E-learning in medical education has been around for twenty years. Some studies have shown it to be as effective as traditional forms of education—at least for selected learning outcomes. [1]
It may also result in cost savings compared to more traditional forms of education. But any potential savings from e-learning depend upon the e-learning resources fitting in with the rest of a medical education programme and not just reproducing the programme online. For example, if junior doctors learn about how to diagnose asthma online and then learn the exact same information in a tutorial about asthma, there won’t be any savings from e-learning. If, however, the doctors use e-learning to learn knowledge on the diagnosis of asthma and afterwards attend a skills-based tutorial on performing spirometry, then there may be savings of time and resources. This is not new—it used to be called blended learning and is now increasingly called flipping the classroom.
But all of this depends upon tutors and programme directors knowing about e-learning resources, and feeling that they are worthwhile, and recommending them to their learners. So, do they do this?
Witch and colleagues have conducted a fascinating study to get an answer to this question. [2] They surveyed directors of residency programmes in the United States to find out how much e-learning is used within these programmes and to find out the perceptions of directors regarding e-learning. They found a great deal of variation. Some programmes used e-learning a great deal; some used it rarely; and some not at all. Delving deeper, there was higher use of asynchronous than synchronous learning. Some directors had positive perceptions of e-learning and some had negative perceptions. On balance, the directors were somewhere between lukewarm and positive about e-learning.

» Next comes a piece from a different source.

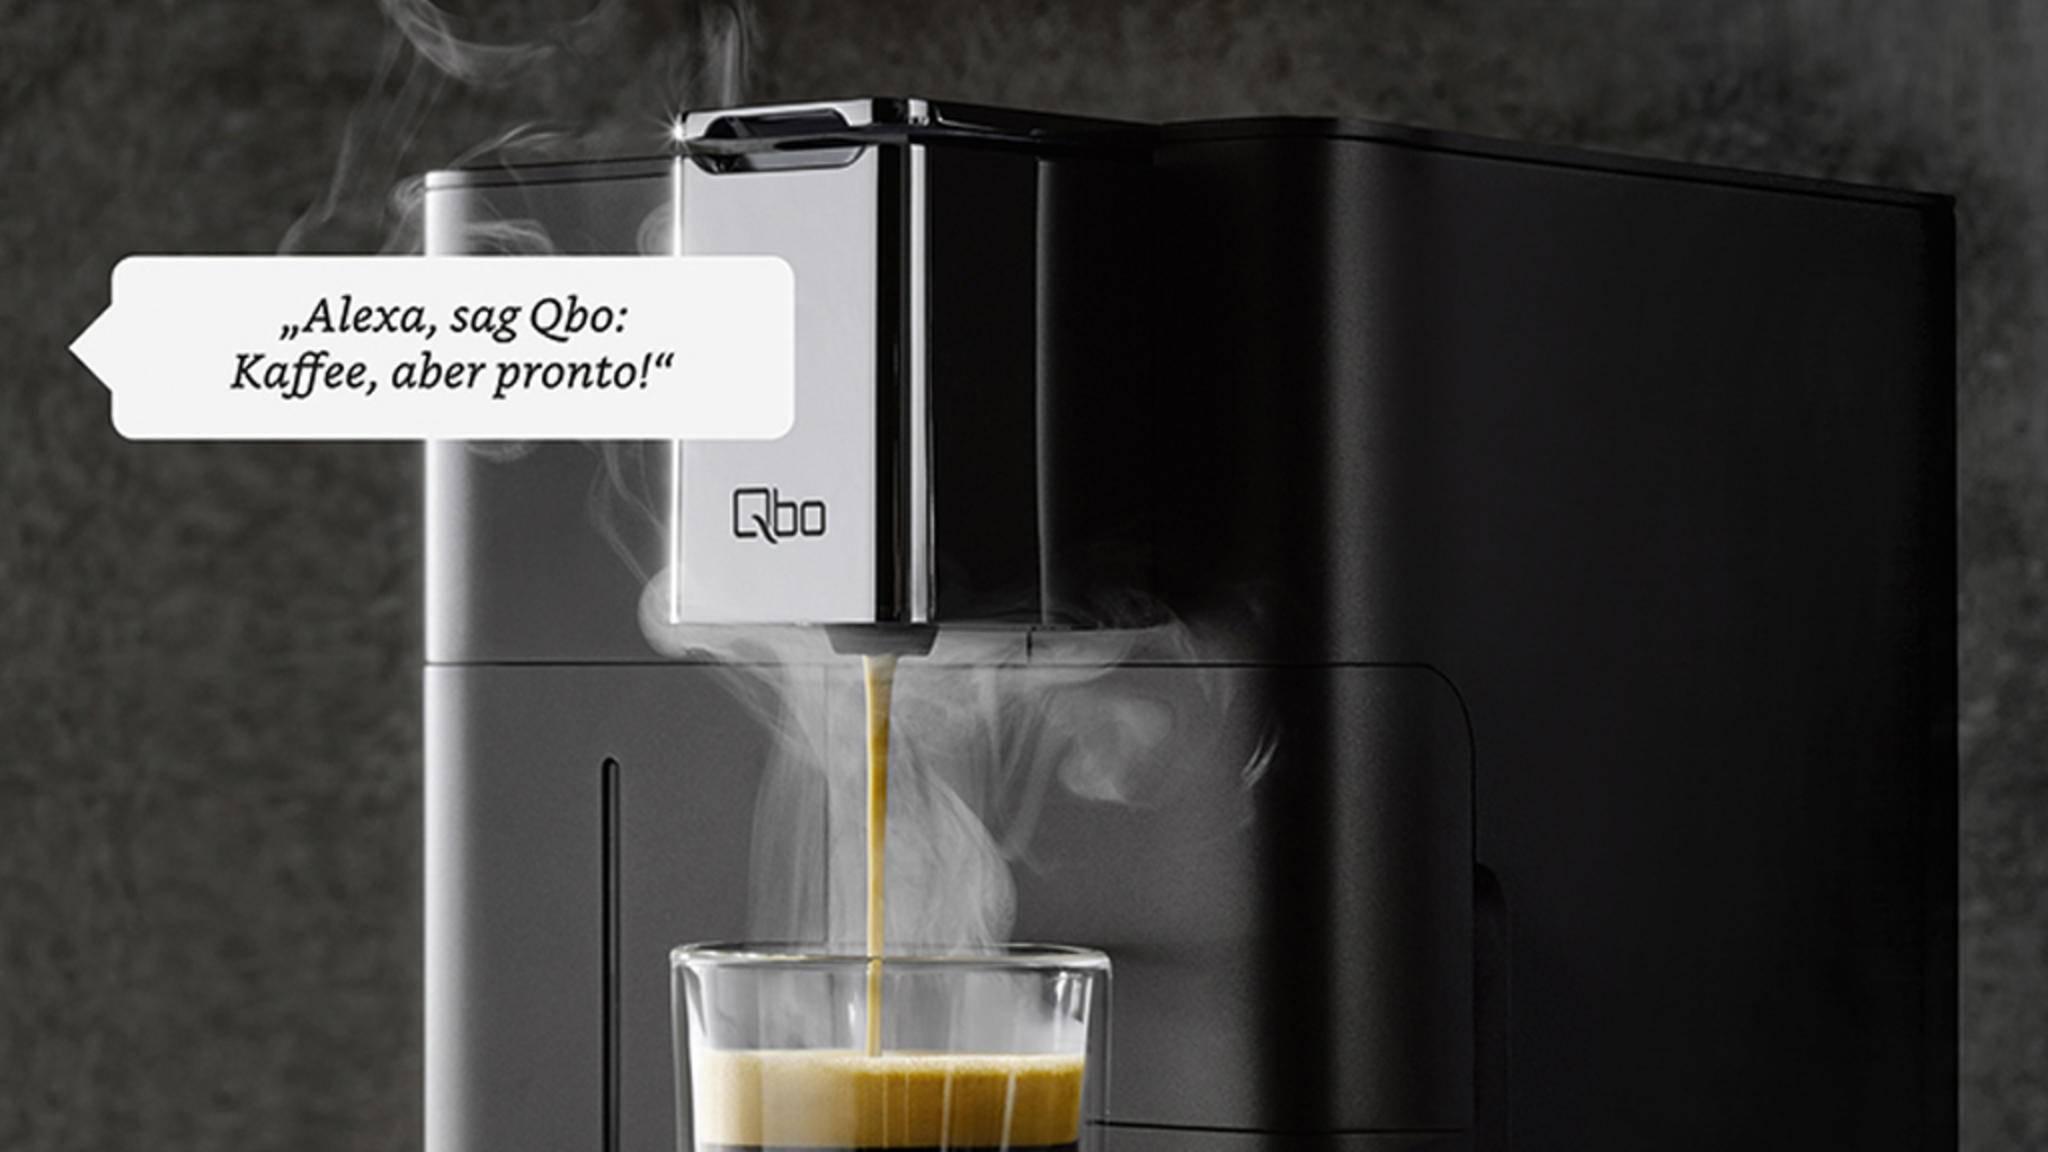 Tchibo Qbo Kaffeemaschine mit Alexa-Skill

E-learning will only really be effective and efficient in postgraduate or residency based education when it fits in with the rest of the programme. But this will only happen with the active support of the programme directors. My experience of talking to programme directors is that they are usually busy trying to satisfy multiple internal and external demands. The internal demands come from residents, tutors, and colleagues in education. External demands come from funders, governments and evaluators. As a result, programme directors might simply not have time to think about e-learning. But without them, we will struggle to reap the real rewards of e-learning. Many of them will have trained when there was no e-learning or when e-learning was much more basic than it is now. Some will still be up to speed in their knowledge of e-learning, but others might need an upgrade.
Medical education has become much more learner centred in the past twenty years. This is good news for learners and the patients that they serve. But we must somehow ensure that tutors and directors receive support so that they can continue to facilitate new ways of teaching and learning.
Kieran Walsh is clinical director of BMJ Learning and BMJ Best Practice. He is responsible for the editorial quality of both products. He has worked in the past as a hospital doctor—specialising in care of the elderly medicine and neurology.
Competing interests: Kieran Walsh works for BMJ which produces the e-learning resource BMJ Learning.
References:
- Sinclair PM, Kable A, Levett-Jones T, Booth D. The effectiveness of Internet-based e-learning on clinician behaviour and patient outcomes: A systematic review. Int J Nurs Stud.2016 May;57:70-81.
- Wittich CM, Agrawal A, Cook DA, Halvorsen AJ, Mandrekar JN, Chaudhry S, Dupras DM, Oxentenko AS, Beckman TJ. E-learning in graduate medical education: survey of residency program directors. BMC Med Educ. 2017 Jul 11;17(1):114.